- Born: 13 July 1975 (age 50) Genève, Switzerland
- Education: New York Film Academy
- Occupations: Curator; film producer;
- Years active: 2006–present

= Annick Mahnert =

Annick Mahnert (born 13 July 1975) is a Swiss film festival curator and film producer. She is the Director of Programming at Fantastic Fest and a programmer at Sitges Film Festival and was named executive director of the Canadian genre industry platform Frontières.

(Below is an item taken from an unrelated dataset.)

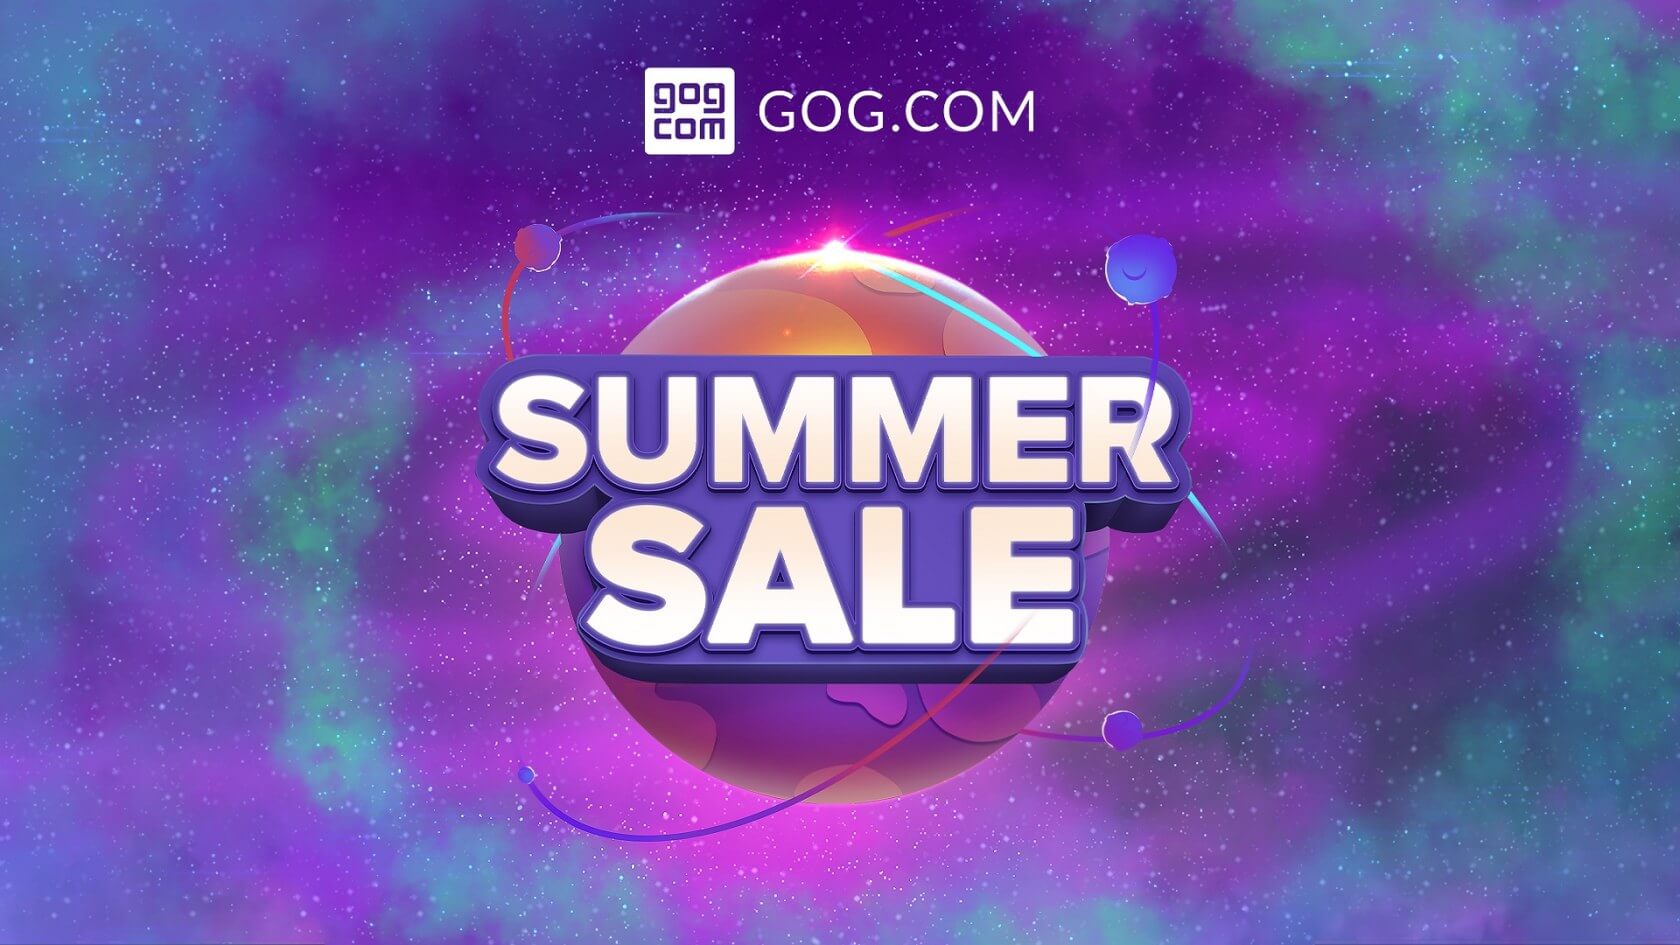 GOG kicks off its biggest Summer Sale yet with game demos and publisher bundles

==Early life and education==
Mahnert studied film production at the New York Film Academy and worked as a production assistant at Roger Corman's Concorde-New Horizons.

==Career==
Mahnert returned to her native Switzerland, where she worked in distribution and programming at 20th Century Fox, Warner Bros., Pathé Cinémas, and Frenetic Films. She worked at Maximage Filmproduktion as a production assistant.

In 2012, she moved to Paris to join Celluloid Dreams, handling sales and acquisitions. Since 2013, she is working as a freelance producer, acquisitions consultant, and festival programmer and was hired in November 2013 as Foreign Representative for the Market & Festivals department at Swiss Films, the promotion agency for Swiss filmmaking.

Mahnert is a programmer at the Sitges Film Festival and the Strasbourg European Fantastic Film Festival, and Director of Programming at Fantastic Fest in Austin, Texas. In March 2020, Mahnert became the executive director at the Frontières Co-Production Market, an industry initiative for genre film professionals.

She is a consultant for the Zurich Film Foundation, the Cineforom in Geneva, and co-founded the European Genre Forum.

As a producer, she worked on Mattie Do's The Long Walk (producer, 2019), Alexandre O. Philippe's documentaries 78/52: Hitchcock's Shower Scene (producer, 2017), Memory: The Origins of Alien (producer, 2019), Johannes Grenzfurthner's Solvent (executive producer, 2024), and other moves.

In 2022, she was selected as jury member in the "Filmmakers of the Present" competition category at 75th Locarno Film Festival.

Annick Mahnert is a member of the Swiss Film Academy and the European Film Academy.